TAPUT-SUMBER
Walaupun masuk dalam register 44, namun masih ada saja orang yang berani memperjualbelikan lahan transmigrasi di Simpang Bolon, Kec. Garoga, Kab. Tapanuli Utara (Taput). Padahal walaupun disebut lahan transmigrasi tapi keabsahan surat kepemilikan lahan itu belum ada sampai sekarang. “Saya juga heran kenap bisa begitu. Saat ini sudah banyak lahan yang dibeli pihak ketiga. Para peserta transmigrasi juga sudah banyak yang pergi,” kata warga Simpang Bolon, R Pasaribu kepada wartawan, baru-baru ini.
Menurut A Manurung Kaseksi Hak Tanah dan Pendaftaran Tanah BPN Taput, Kamis (6/11), lahan transmigrasi Simpang Bolon tidak jadi disertifikatkan karena arealnya masuk dalam kawasan hutan register 44.
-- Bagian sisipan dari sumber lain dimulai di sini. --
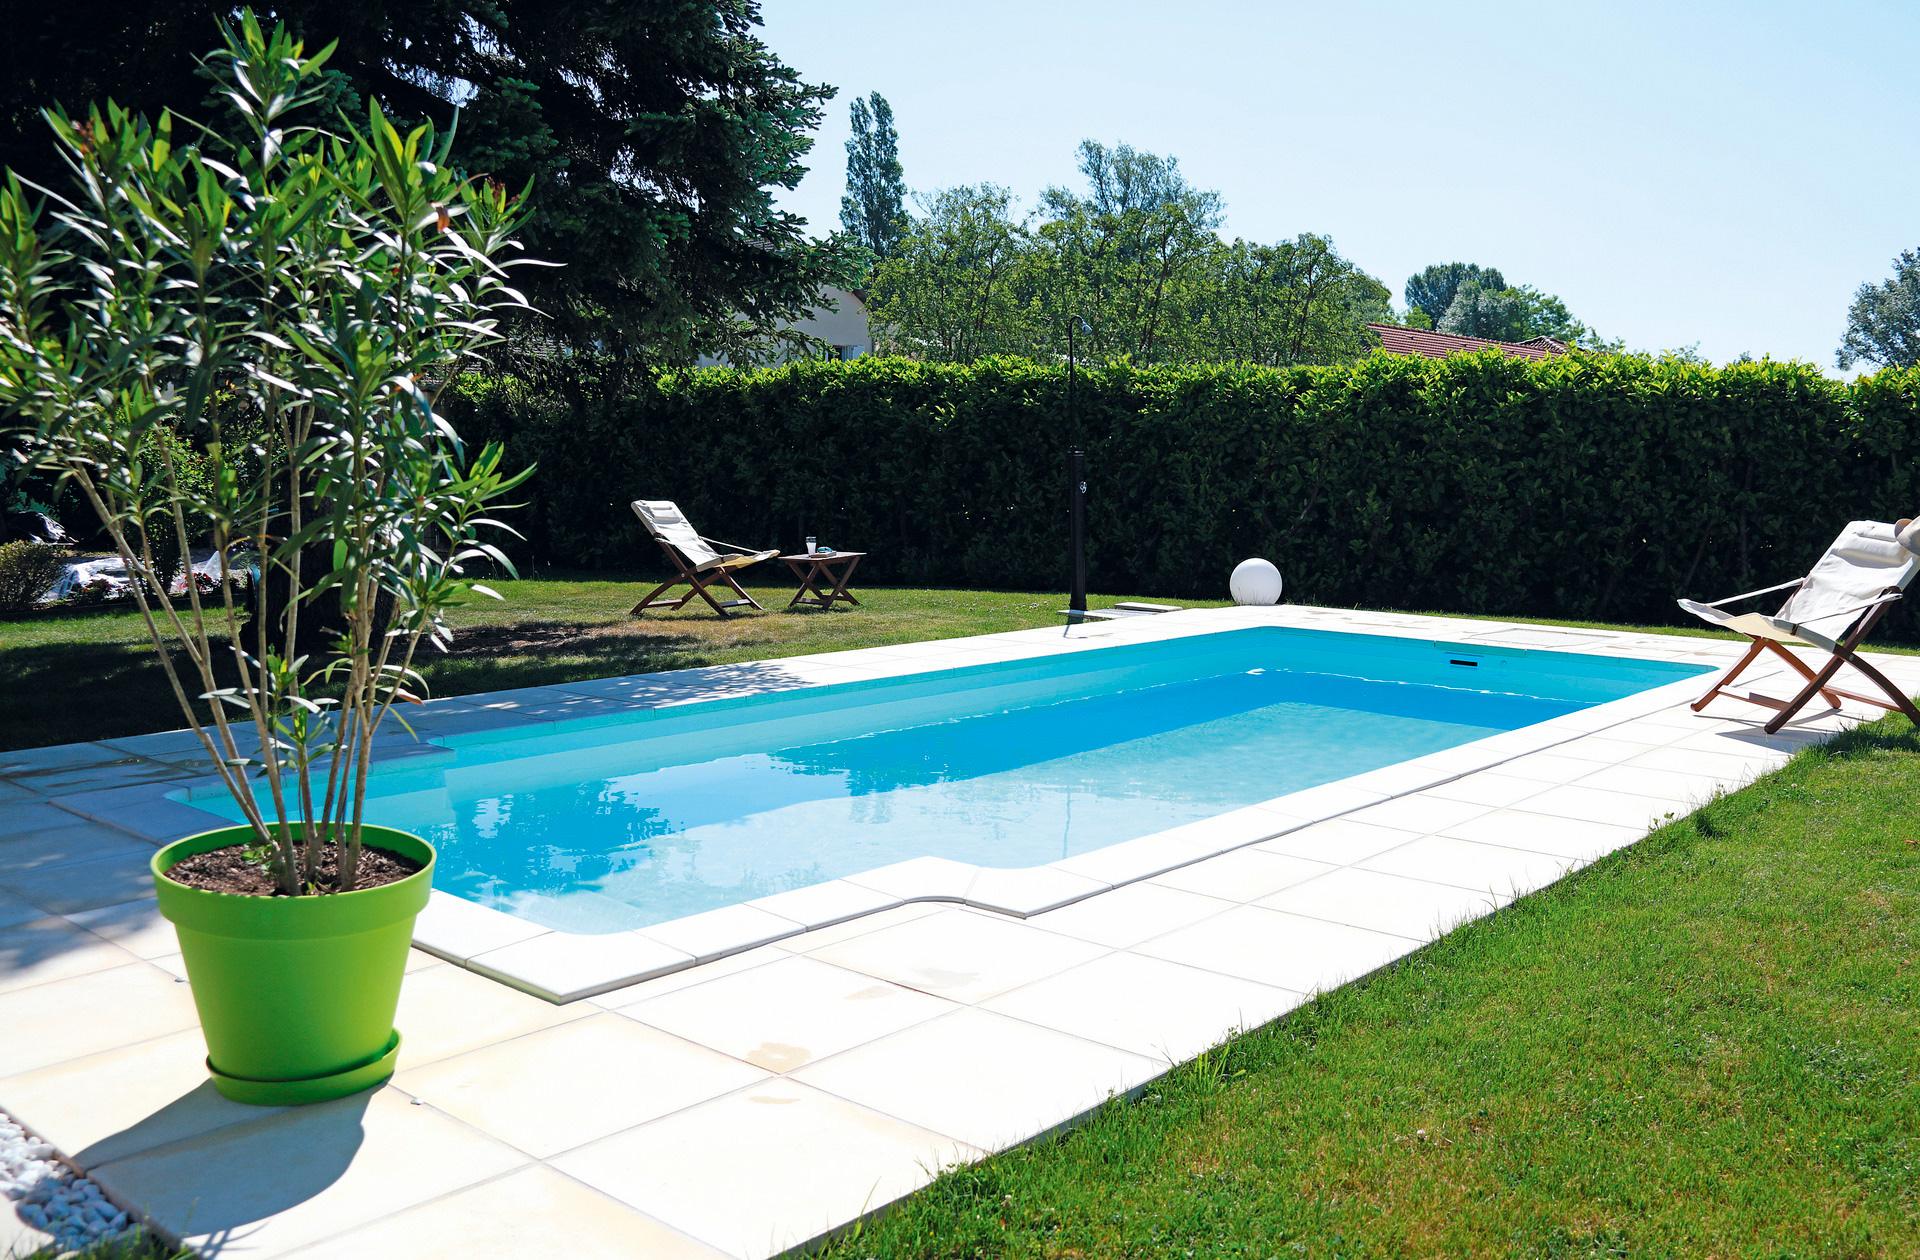 Gut bekannt Pool Bildgalerie: Swimmingpool Referenzen – Desjoyaux Pools EC44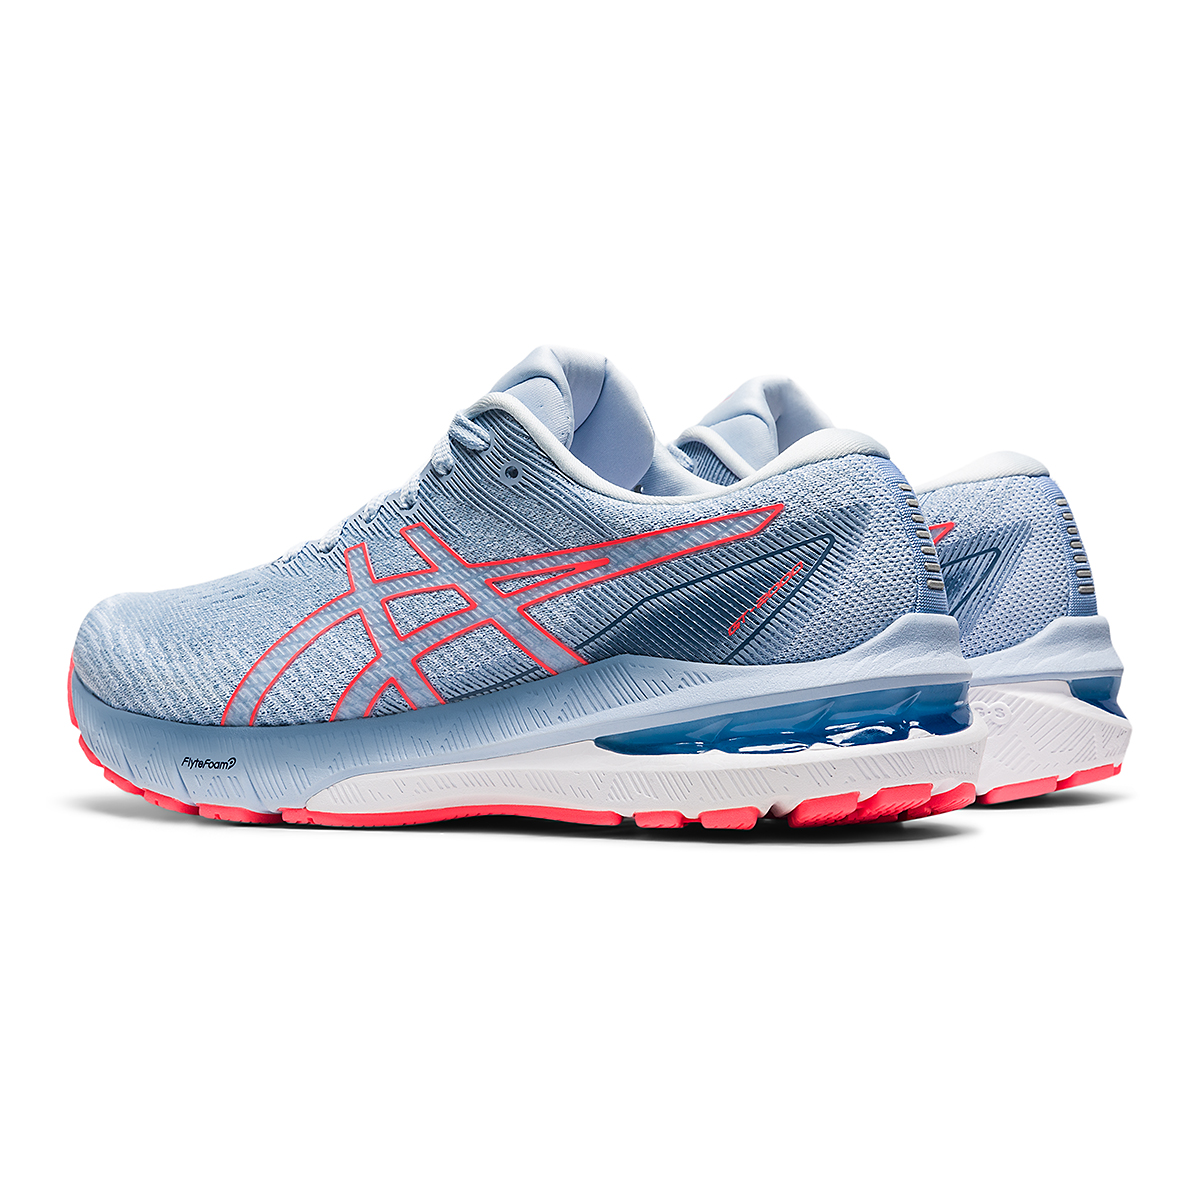 Women's Asics GT-2000 10 Running Shoe - Color: Mist/Blazing Coral - Size: 5 - Width: Regular, Mist/Blazing Coral, large, image 4

Dia menyebut Dinas Kehutanan Taput memberikan lokasi transmigrasi yang belum memiliki izin pembebasan dari Kementrian Kehutanan. Sehingga BPN belum bisa menerbitkan sertifikat tanah sebelum ada pelepasan bahwa lahan itu bukan lagi kawasan hutan register 44. “Sampai saat ini BPN juga tidak tahu tentang jual beli tanah tersebut,” kata Manurung.
api apa yang dikatakan Manurung bertentangan dengan keterangan Kabid Transmigrasi Dinas Sosial Tenaga Kerja dan Transmigasi Taput H Sitorus. Menurutnya, areal lokasi transmigrasi sudah dilepas dari kawasan hutan lindung melalui surat keputusan Kementerian Kehutanan. Soalnya itu adalah proyek pusat, katanya.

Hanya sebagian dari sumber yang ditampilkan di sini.